◆ **Try it**
Restate word for word the lines below that run from the one holding "Cubo de basura" through the one holding "Universum T-Shirt Schwarz", inclusive. Pictures don't belong in the copy.
===== Listed records
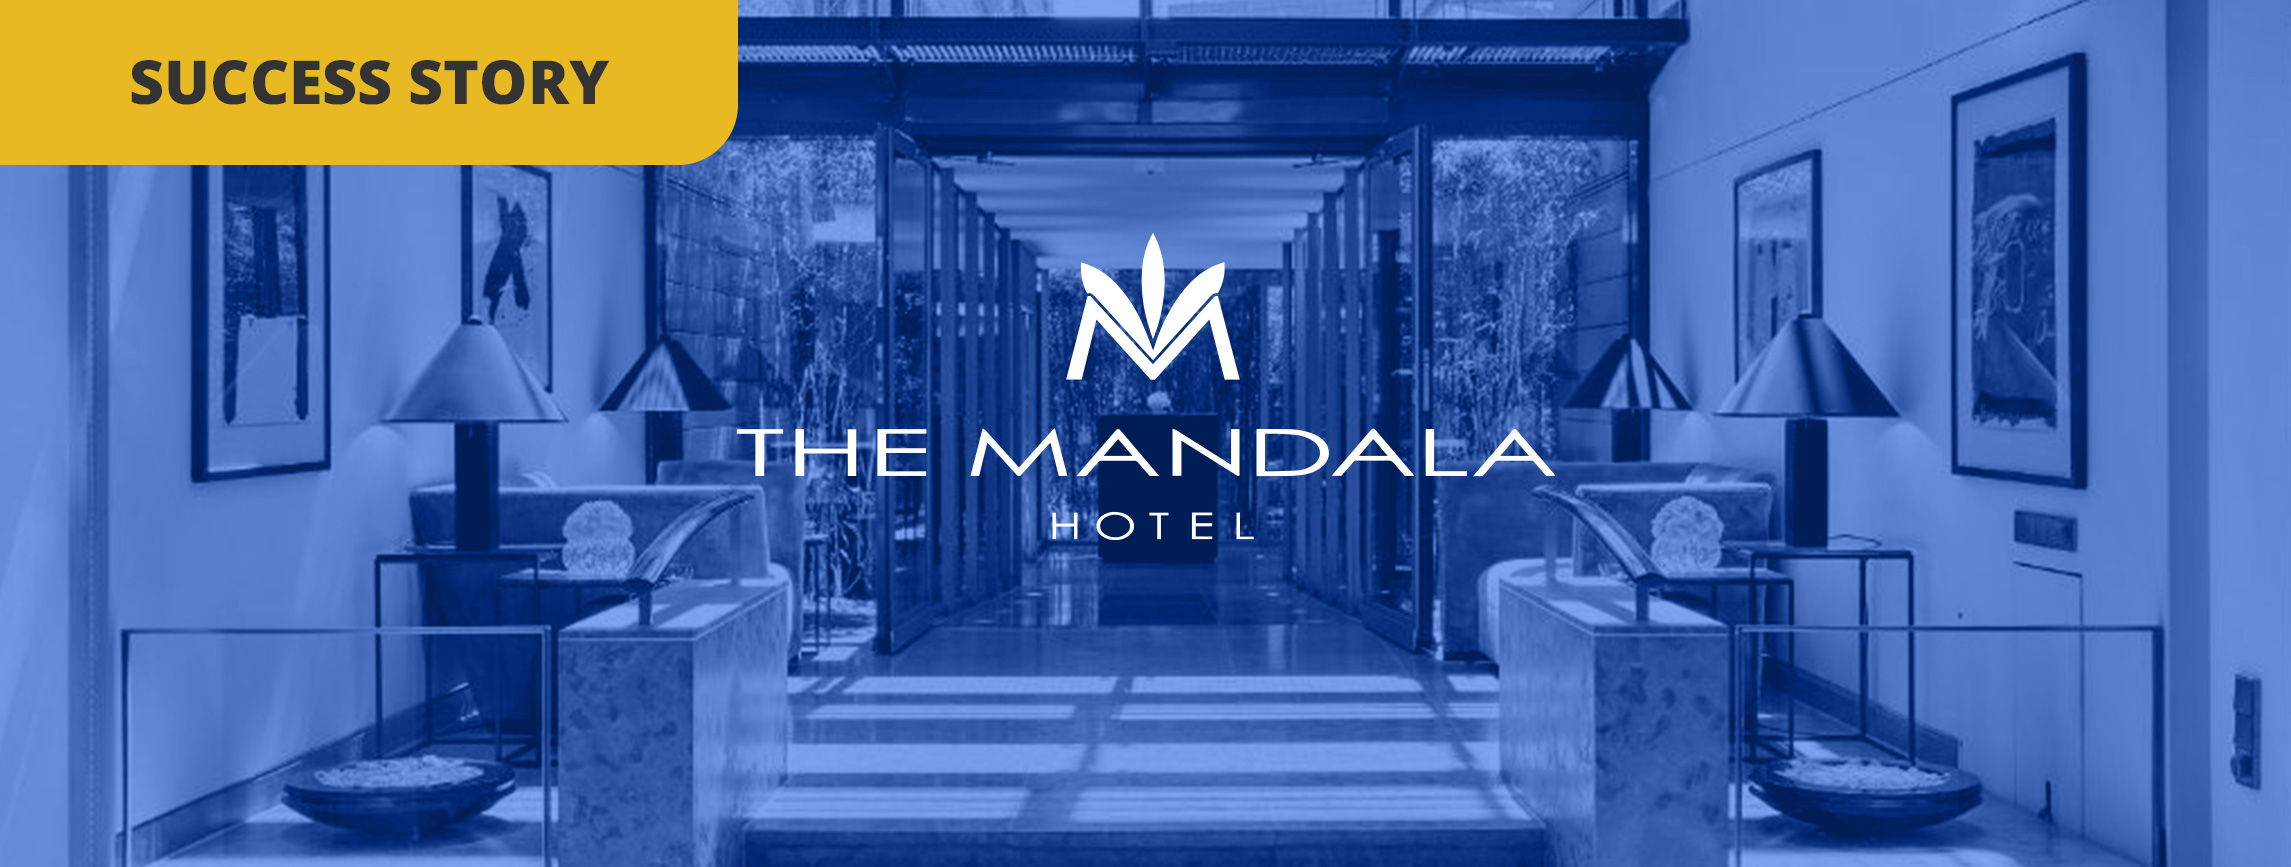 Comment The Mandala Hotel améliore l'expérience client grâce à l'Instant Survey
==========
===== Listed records
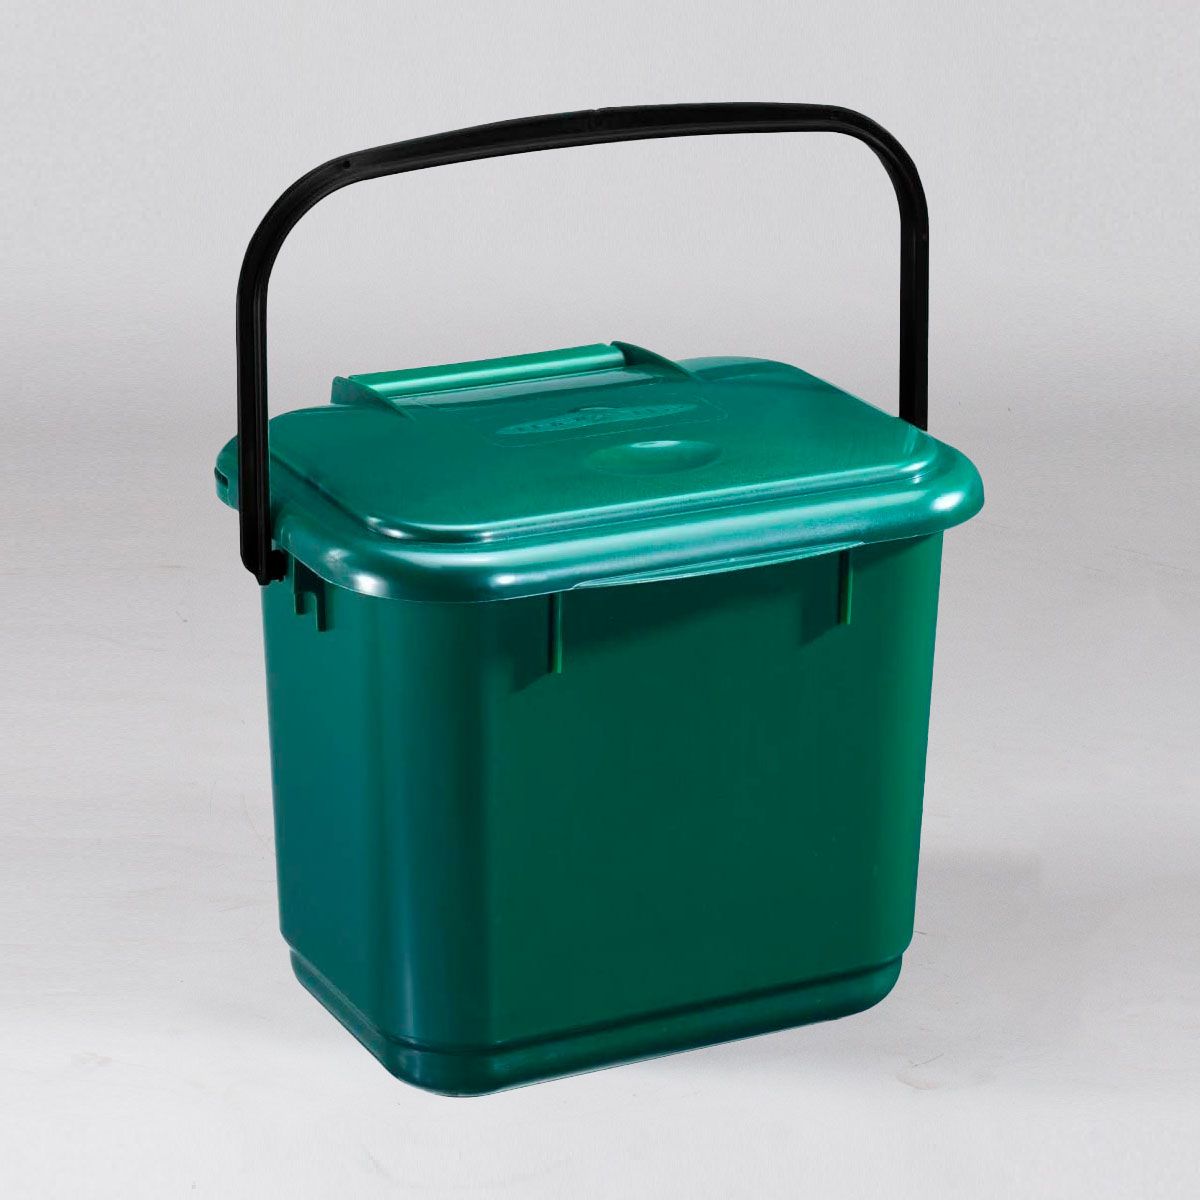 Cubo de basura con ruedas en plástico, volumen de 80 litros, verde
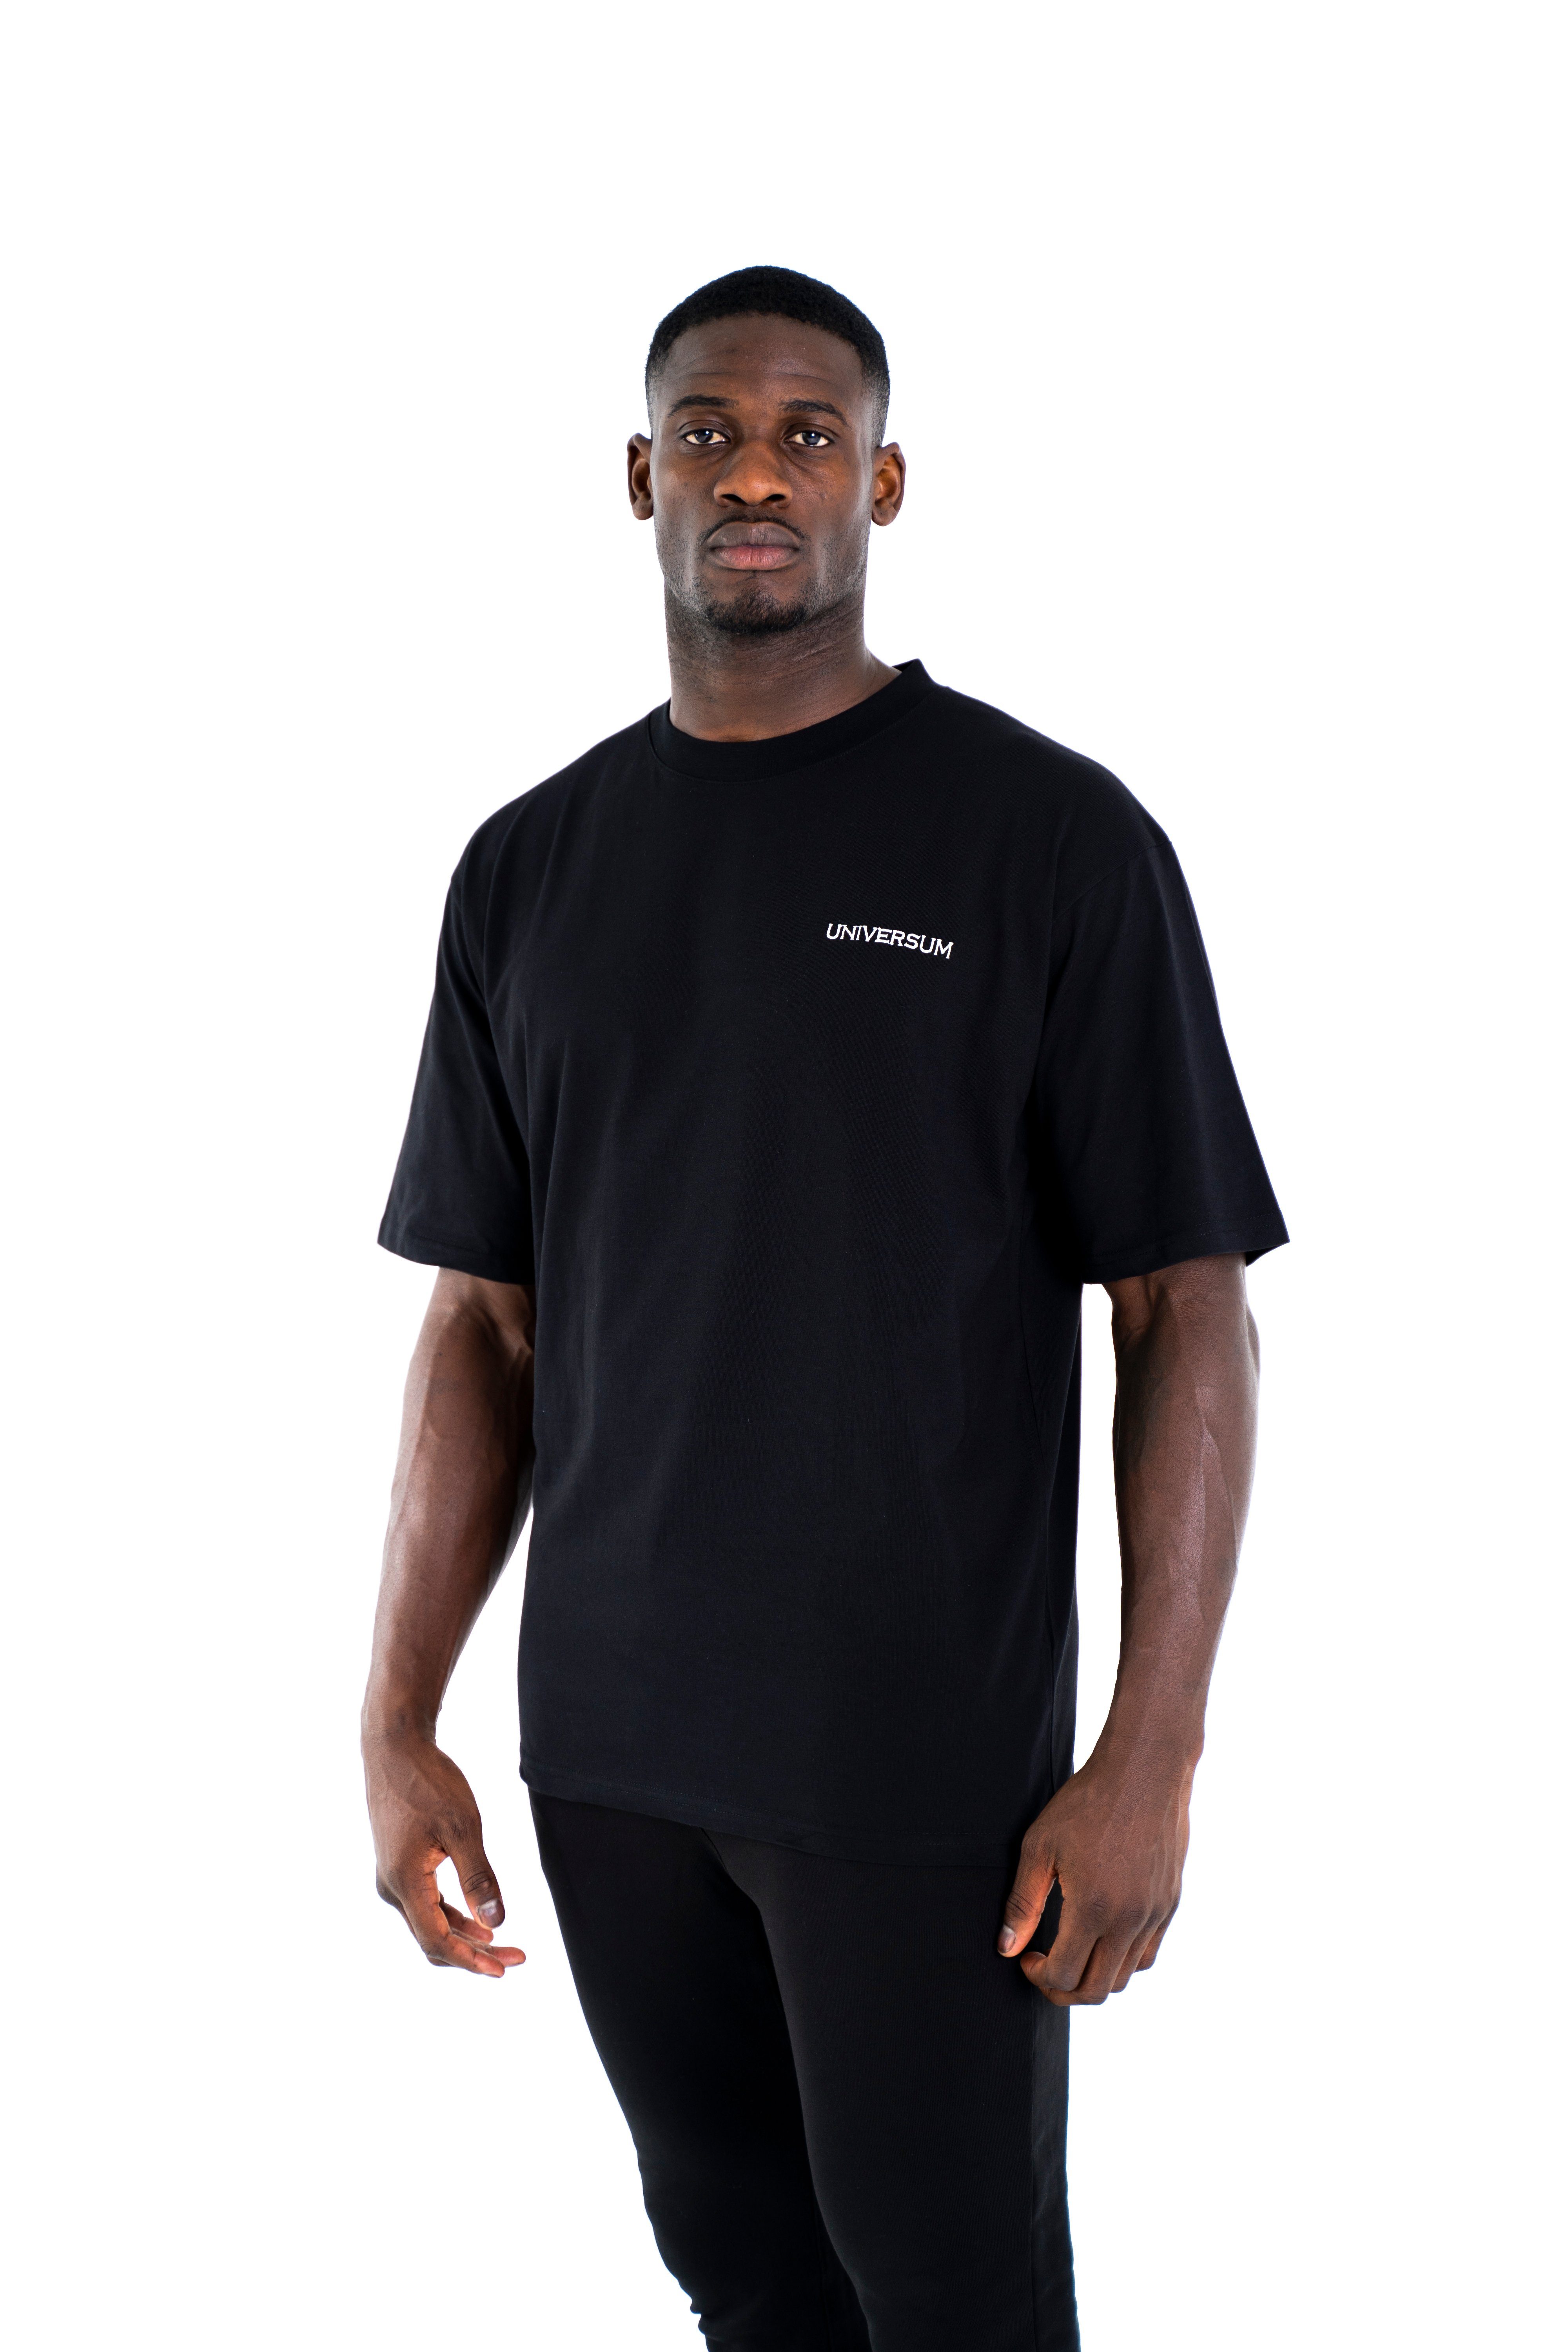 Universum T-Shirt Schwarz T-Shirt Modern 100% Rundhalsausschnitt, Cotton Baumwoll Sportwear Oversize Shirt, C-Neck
==========
◆ **Task answer**
 Cubo de basura con ruedas en plástico, volumen de 80 litros, verde
 Universum T-Shirt Schwarz T-Shirt Modern 100% Rundhalsausschnitt, Cotton Baumwoll Sportwear Oversize Shirt, C-Neck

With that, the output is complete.